* _WHAT YOU SHOULD DO_
With pictures removed, print the listing exactly.

* _RAW DATA_
⁂

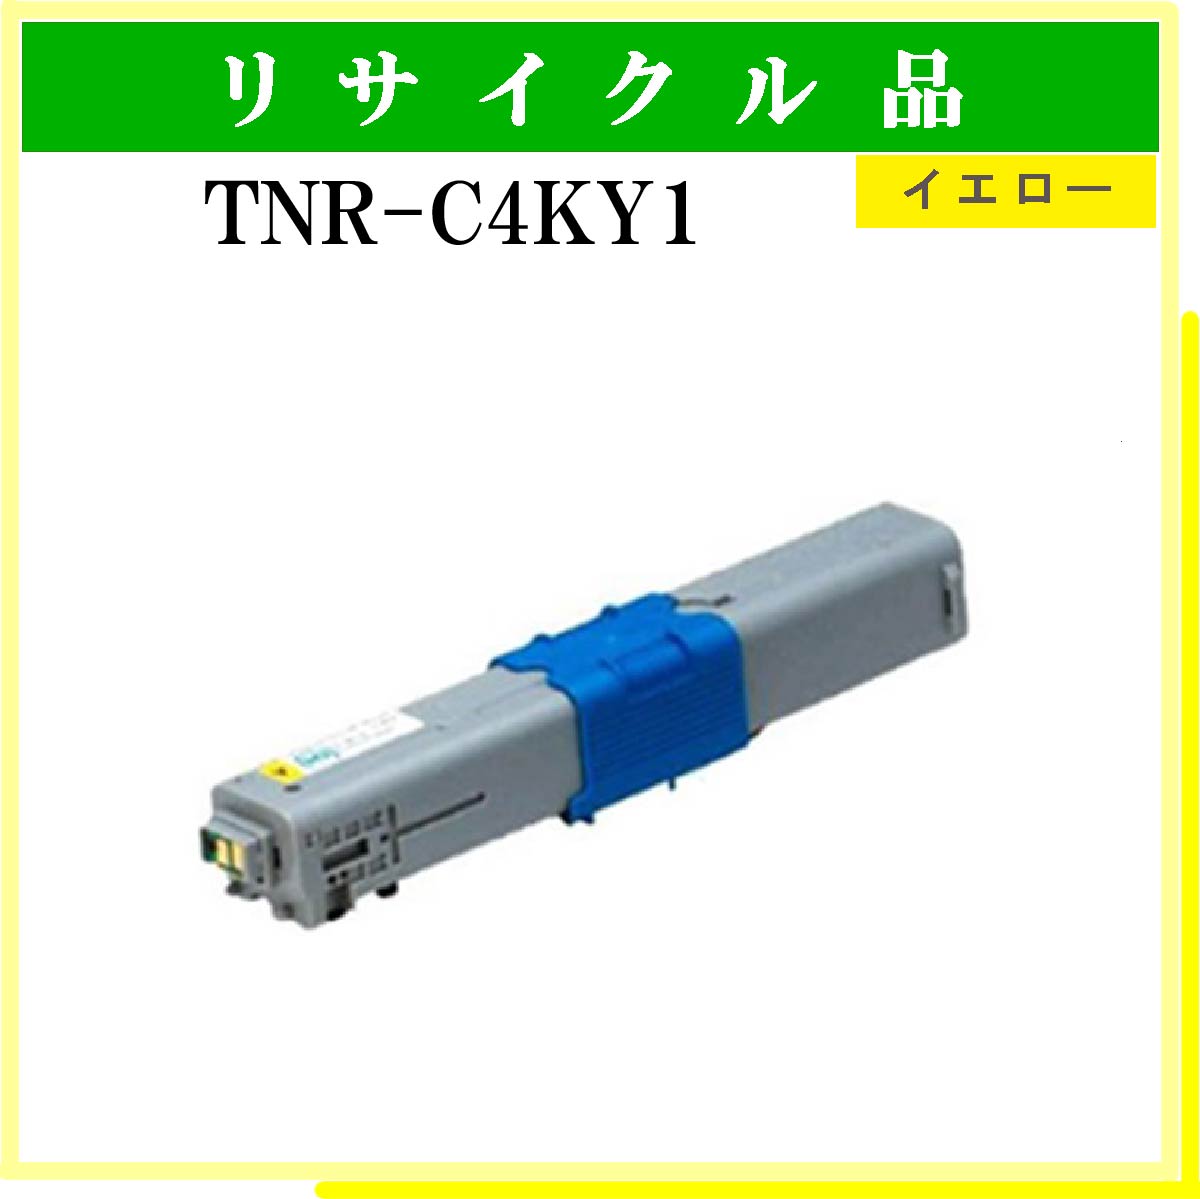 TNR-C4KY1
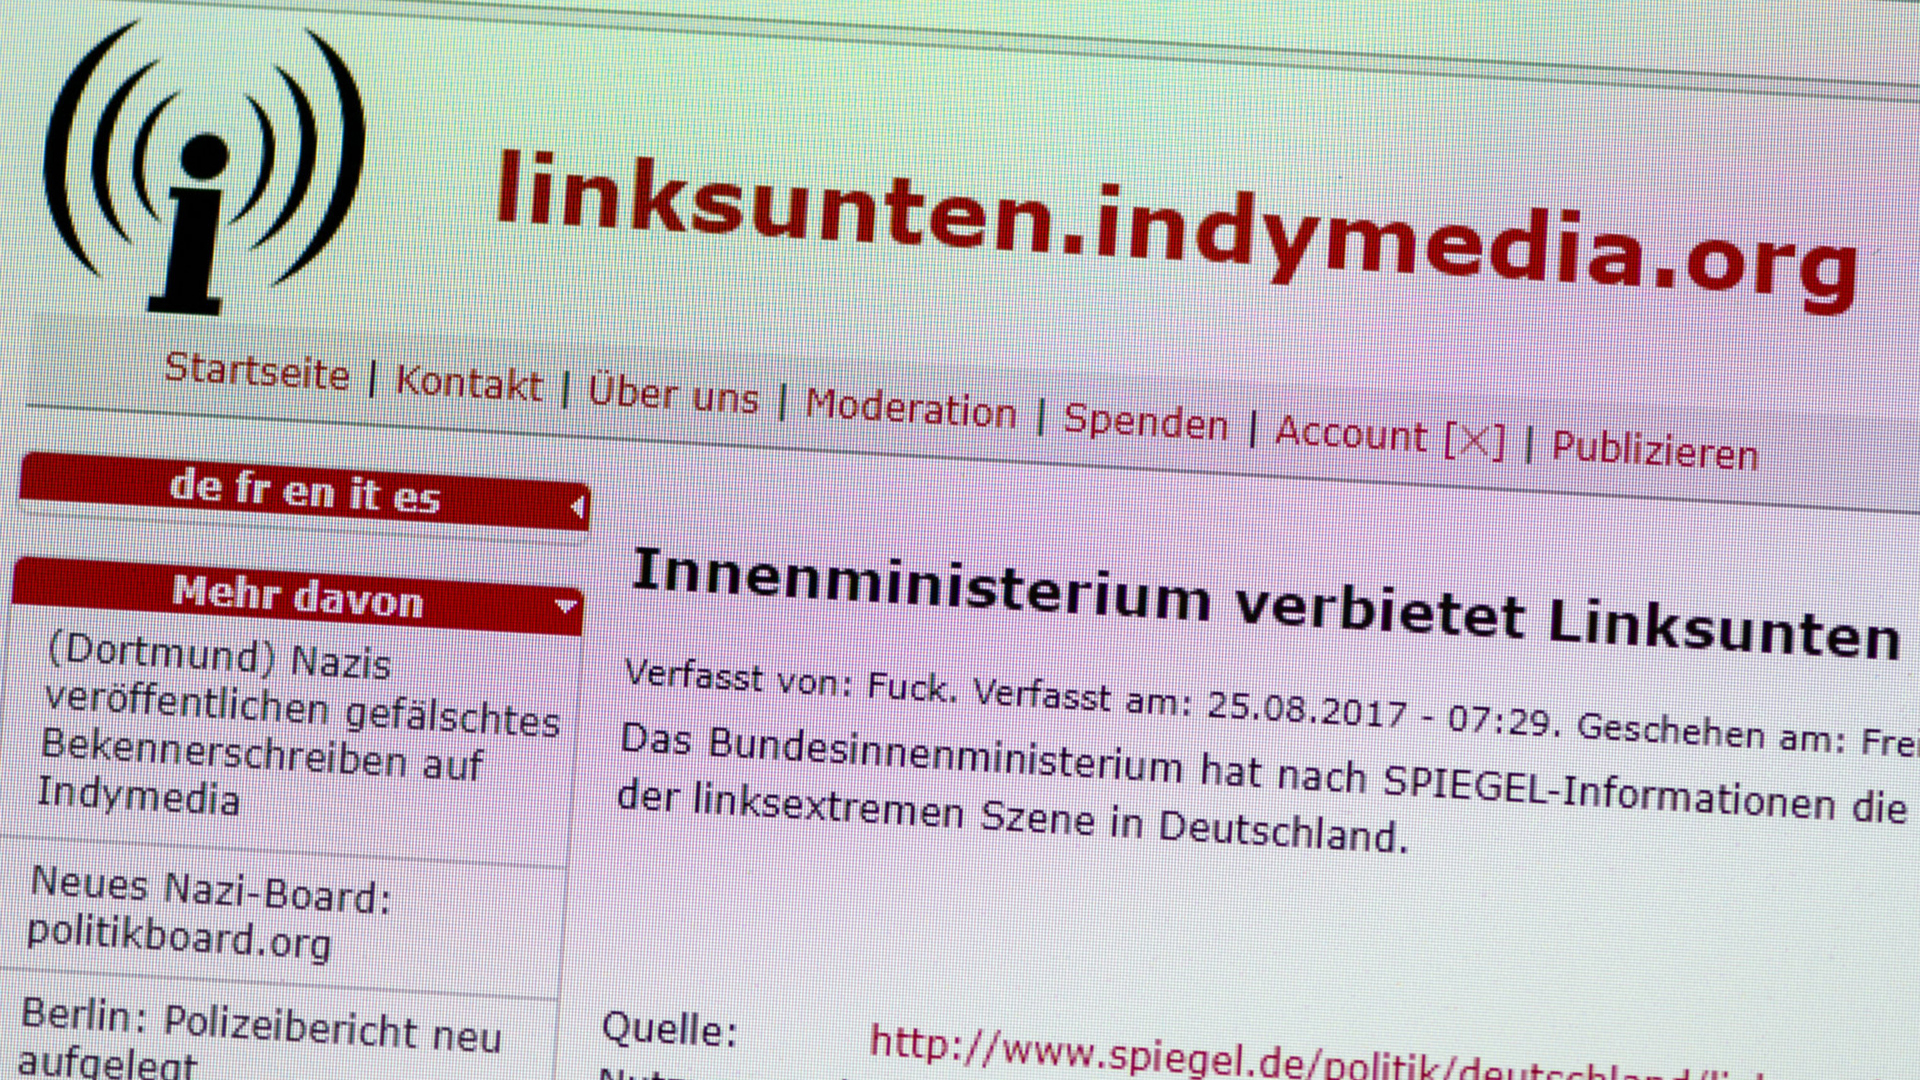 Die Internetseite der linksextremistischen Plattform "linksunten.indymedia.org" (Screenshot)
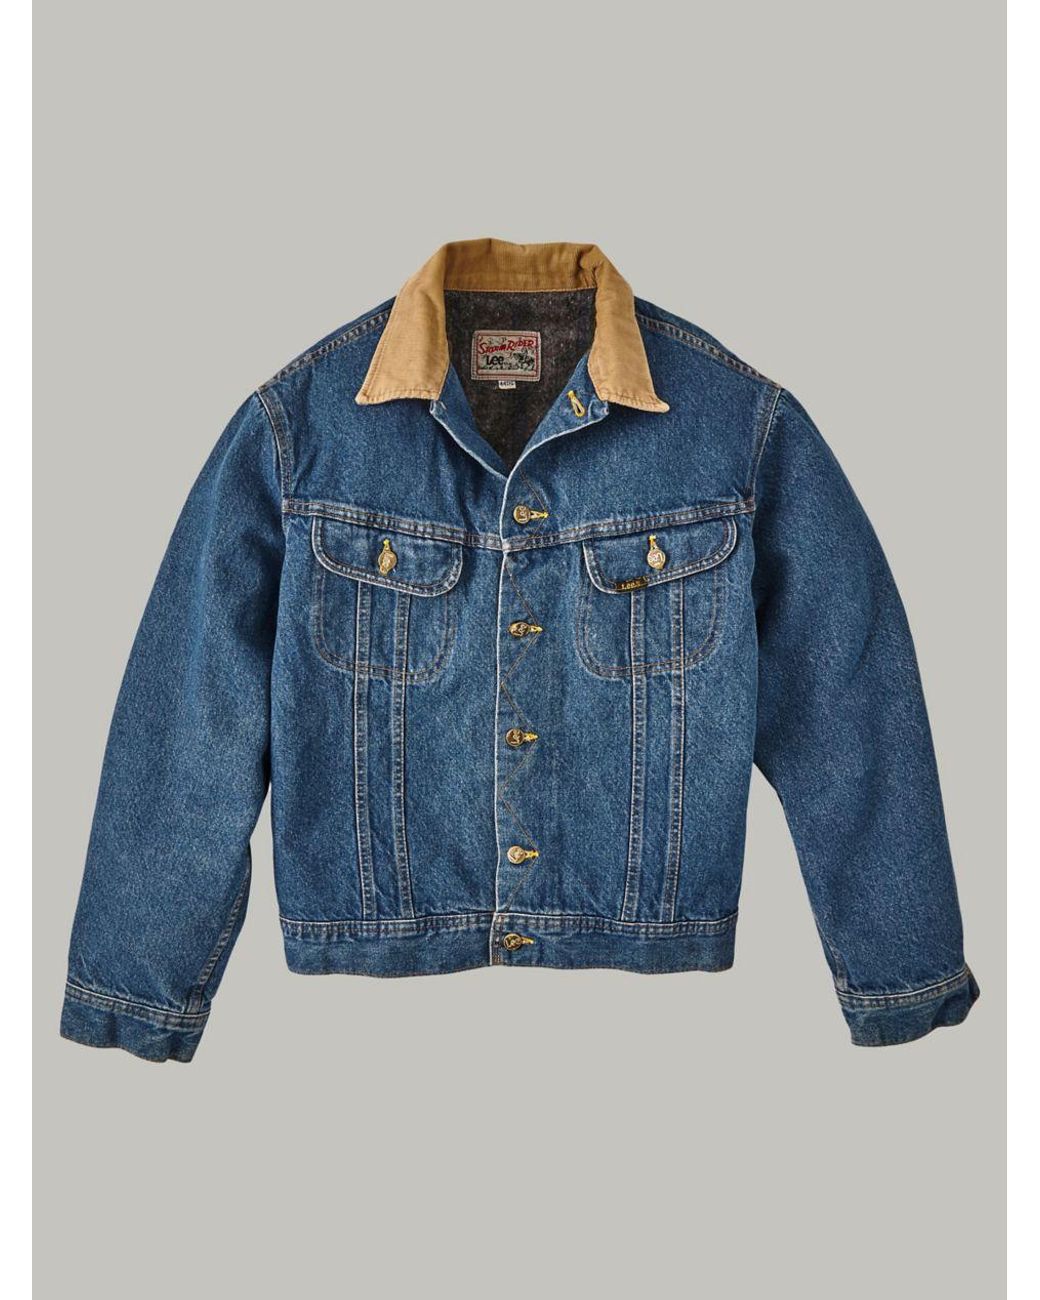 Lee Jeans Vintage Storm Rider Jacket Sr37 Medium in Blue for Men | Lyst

⁂

* _SOLUTION FOR THIS EXERCISE_
 TNR-C4KY1
 Die Internetseite der linksextremistischen Plattform "linksunten.indymedia.org" (Screenshot)
 Lee Jeans Vintage Storm Rider Jacket Sr37 Medium in Blue for Men | Lyst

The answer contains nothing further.